— Ой, чоловики ридны! Бачьте, як москаль убивався…
Обступили Потапа хохлы. Стали горилкой потчевать. Давали тютюна нюхать с рук жестких, мозолистых. Пахло от стариков чесноком да яблоками, разило от штанов парубков дегтем колесным, и цветасто реяли ленты зубастых крепкощеких молодок.
— Тю! Тю тоби, — говорили все ласково. — Не убився…
Было это с ним в городе Глухове, где на себе изведал, какова вольность казачья. Под вечер ярмарка опустела. Арбузы лежали на арбах — любой бери. Волы дышали в темноте, как люди, устало и раздумчиво. Потап начал свою жизнь по косточкам разбирать. С чего же начались все несчастья его? Вспомнил он дом Филатьева на Москве и тот день, когда барин послал его на выучку к принцу Гессен-Гомбургекому, чтобы искусству сечения он обучился… «Может, — размышлял Потап, — мне бы тогда судьбу и повернуть? Надо бы не отпираться, как следует выпороть Ваньку Осипова, который ныне Ванькой Каином стал?..»

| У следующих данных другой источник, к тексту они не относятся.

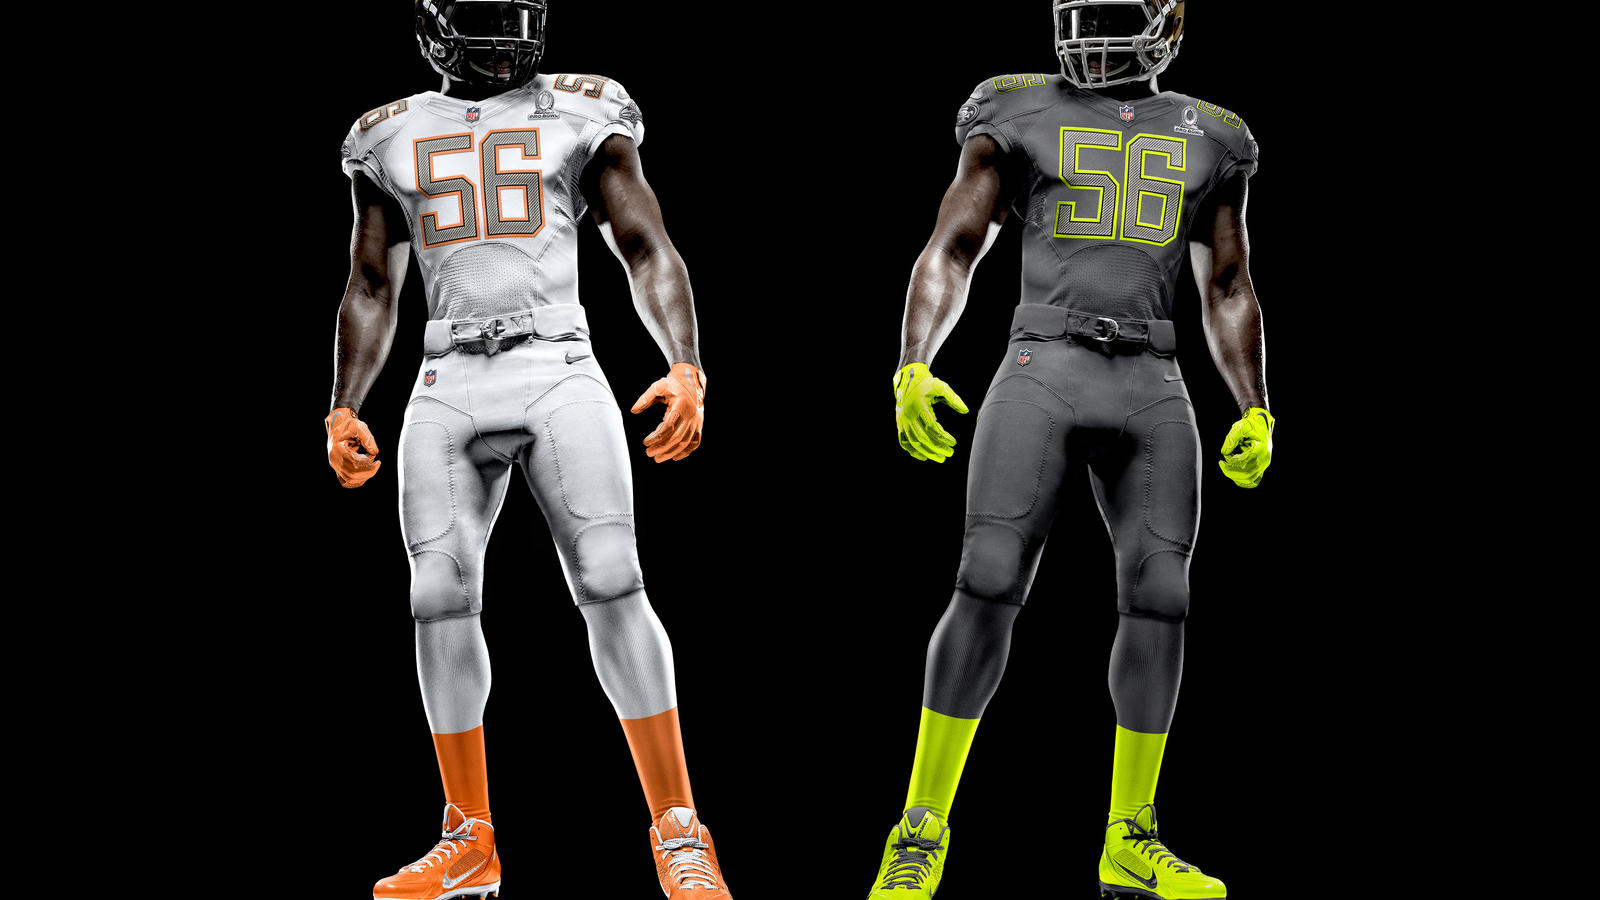 NFL Nike Elite 51 Pro Bowl Uniforms Unveiled - Nike News

Прошел не день и не два. Волы привозили арбы с солью и арбузами. Волы увозили пьяных хохлов по домам. Вставали зори над садами и ложился мрак — теплый и волнующий — на землю, радугами осененную. А он все думал. И понемногу сложил в голове своей такое: «Окол народа завсегда толкусь, вот мне за всех и влетает. Не лучше ль жить от народа подалее?»
Даже плечами передернул — столь страшно от людей уходить. Но все же встал и пошел. На этот раз уходил Потап далеко — на Дон или на Кубань (сам не знал пути-дороги). Травы стояли высоко — по грудь. Солнце пекло нещадно. Изредка куреня встречались в степи. Там деды сидели в портах широких. Были деды молчаливы в древней и мудрой старости. Иногда выбредал Потап на засеку покинутую. Еще издали вышка виднелась, на вышке той сложен хворост горюч. Коли поджечь его, начнется тревога по всей Украине, поскачут в седла чубатые хлопцы, завоют их матери, долго будут бежать за конями девки («Татарин! Татарин идет…»). Но татар пока нету — чисто в степи утром. А закаты здесь быстротечны и неминучи, как смерть человеческая. Тьма, звезды, прохлада…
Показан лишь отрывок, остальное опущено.